USGS

Konikow, L.F., and Kendy, E., 2005, Groundwater depletion: A global problem: Hydrogeology Journal, v. 13, p. 317-320.

Introduction

In the past half-century, ready access to pumped wells has ushered in a worldwide explosion of groundwater development for municipal, industrial, and agricultural supplies. Globally, groundwater withdrawals total 750-800 km3/year (Shah et al., 2000). Economic gains from groundwater use have been dramatic. However, in many places, groundwater reserves have been depleted to the extent that well yields have decreased, pumping costs have risen, water quality has deteriorated, aquatic ecosystems have been damaged, and land has irreversibly subsided.

Groundwater depletion is the inevitable and natural consequence of withdrawing water from an aquifer. Theis (1940) showed that pumpage is initially derived from removal of water in storage, but over time is increasingly derived from decreased discharge and/or increased recharge. When a new equilibrium is reached, no additional water is removed from storage. In cases of fossil or compacting aquifers, where recharge is either unavailable or unable to refill drained pore spaces, depletion effectively constitutes permanent groundwater mining. In renewable aquifers, depletion is indicated by persistent and substantial head declines.

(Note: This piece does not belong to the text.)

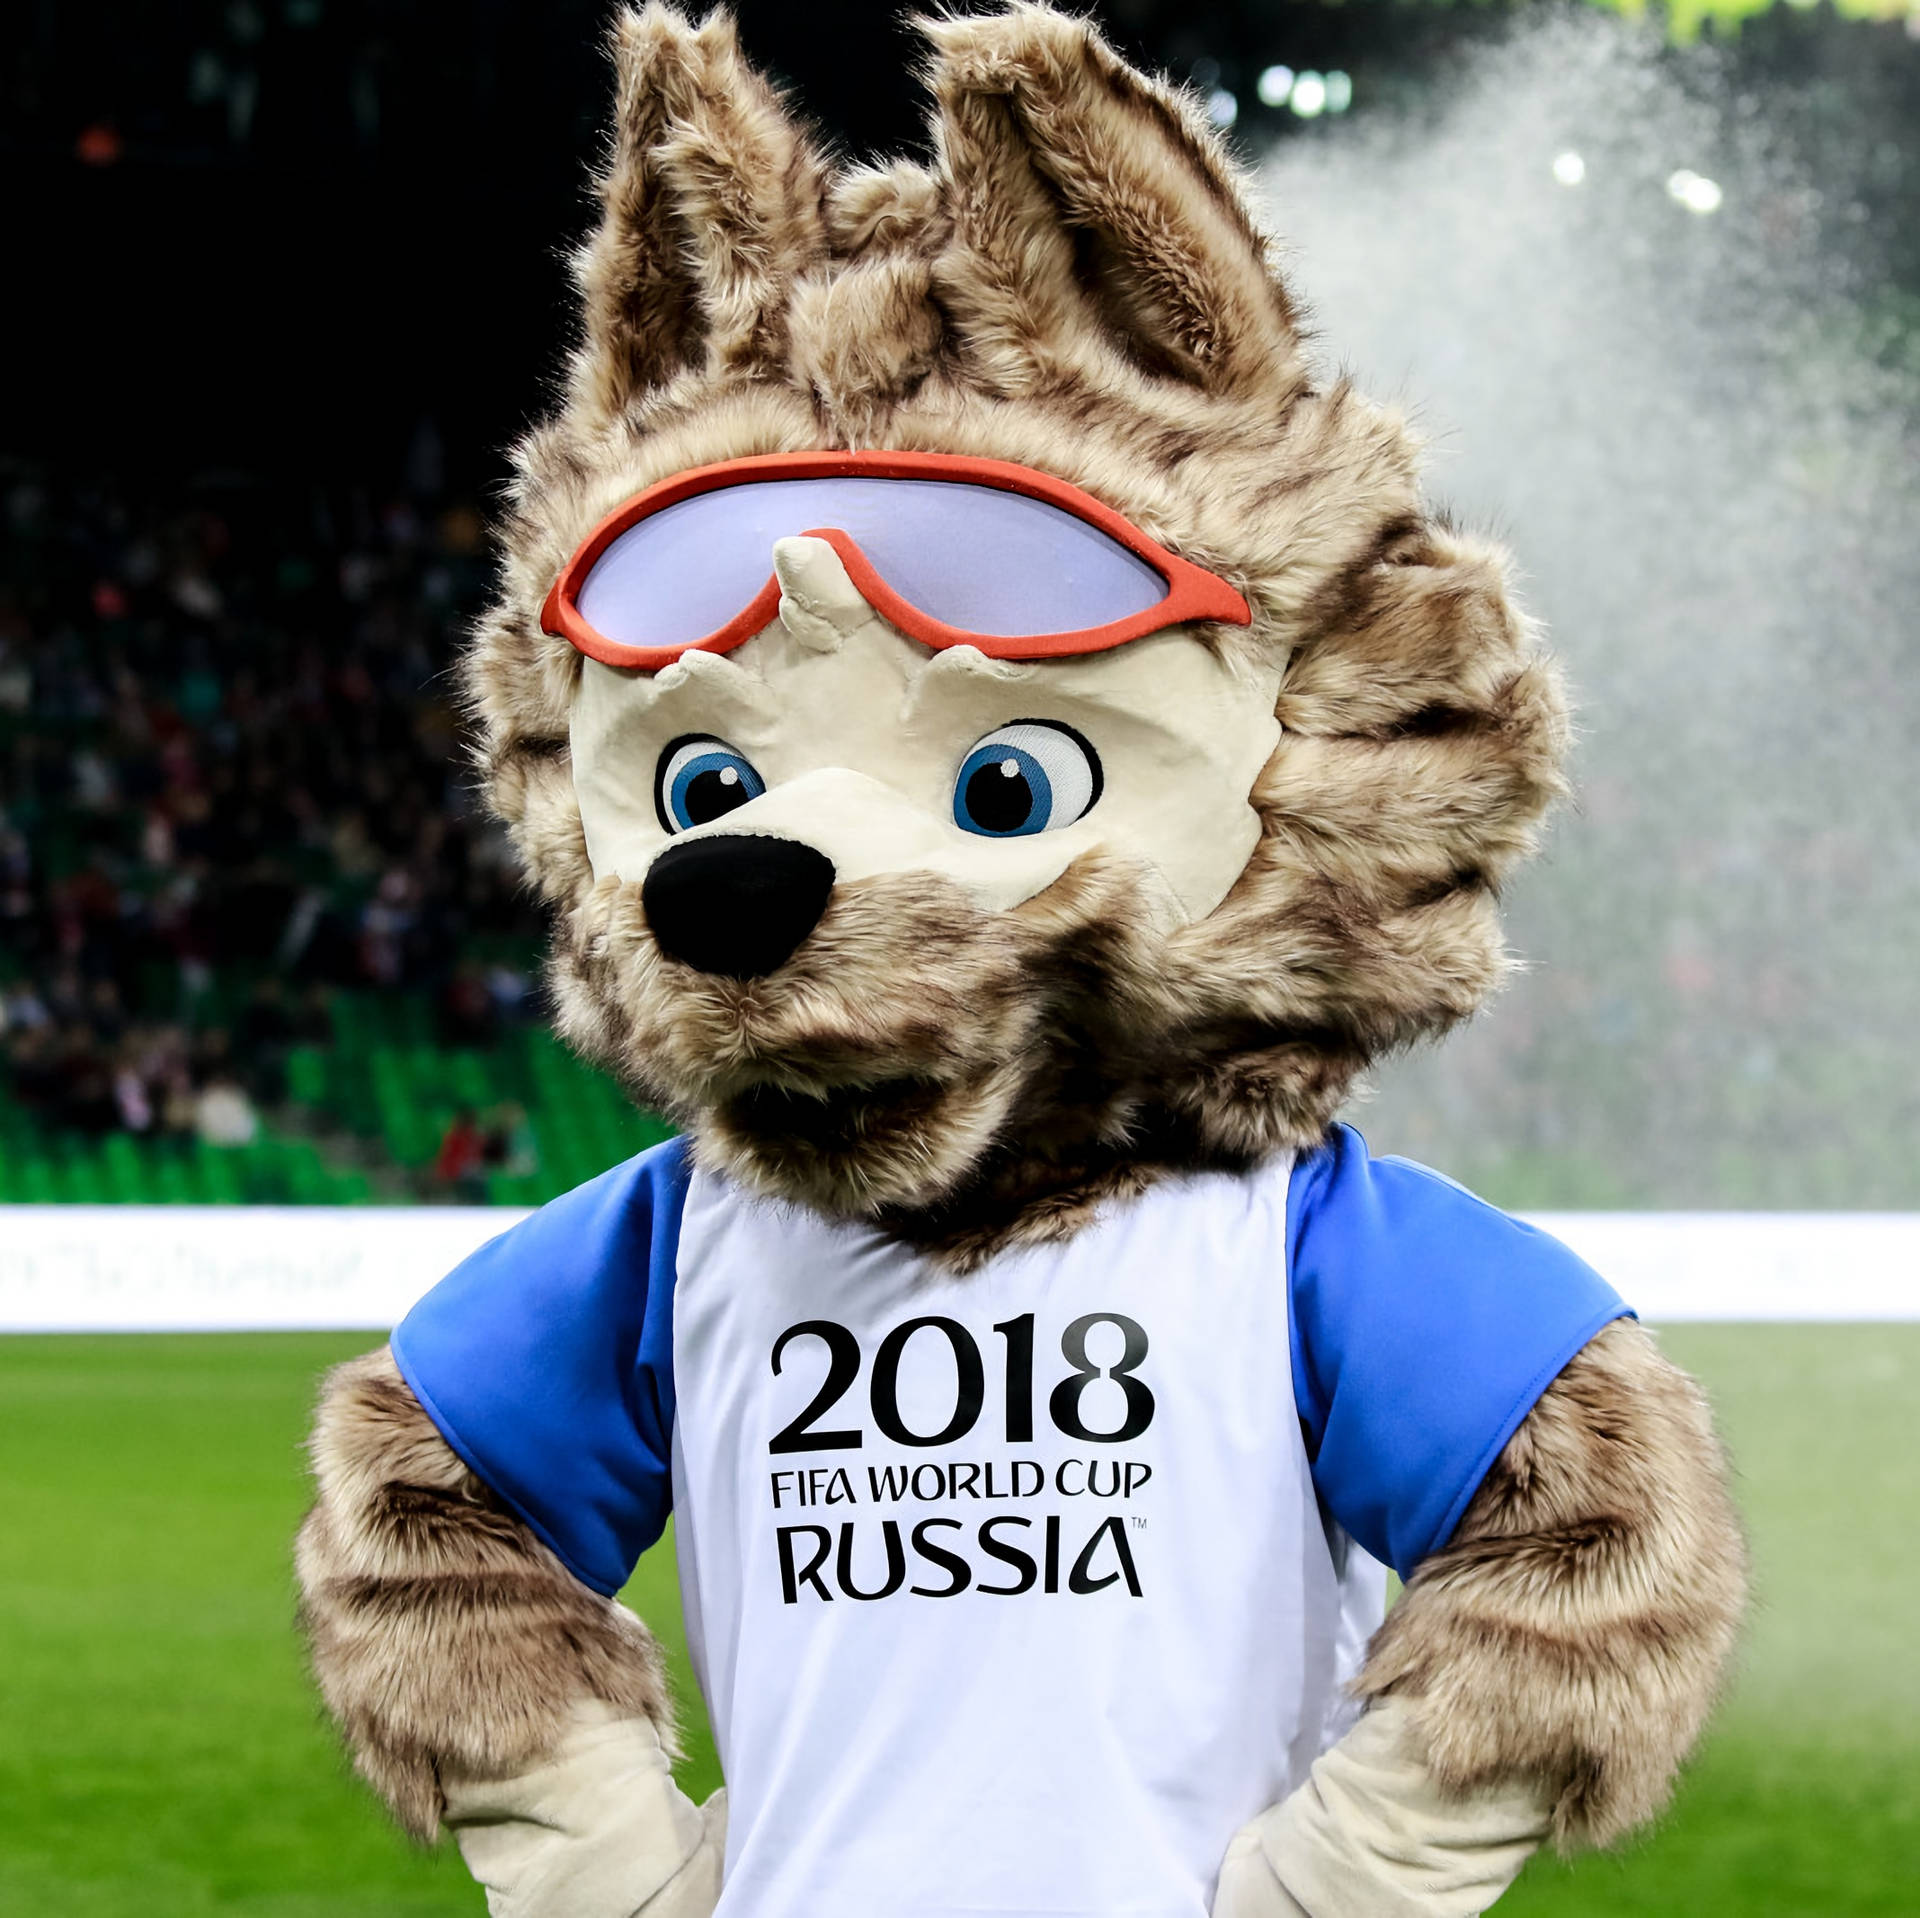 Russian World Cup Mascot 2018 Picture

Excessive groundwater depletion affects major regions of North Africa, the Middle East, South and Central Asia, North China, North America, and Australia, and localized areas throughout the world. Although the scope of the problem has not been quantified globally, on-going analysis by the senior author indicates that about 700-800 km3 of groundwater has been depleted from aquifers in the US during the 20th century. One of the best documented cases is the 450,000 km2 High Plains aquifer system in the central US, where the net amount of water removed from storage during the 20th century was more than 240 km3 - a reduction of about 6% of the predevelopment volume of water in storage (McGuire et al., 2003). In some of the most depleted areas, use of groundwater for irrigation has become impossible or cost prohibitive (Dennehy et al., 2002).

In some cases, removing the most easily recoverable fresh groundwater leaves a residual with inferior water quality. This is due, in part, to induced leakage from the land surface, confining layers, or adjacent aquifers that contain saline or contaminated water. In coastal areas, where many of the worlds largest cities are located, the available volume of fresh groundwater is reduced by seawater intrusion and upconing, which in turn are caused by head declines in the aquifer.

As depletion continues worldwide, its impacts worsen, portending the need for objective analysis of the problem and its possible solutions. This essay examines future options for evaluating and managing groundwater depletion in a changing physical and social landscape.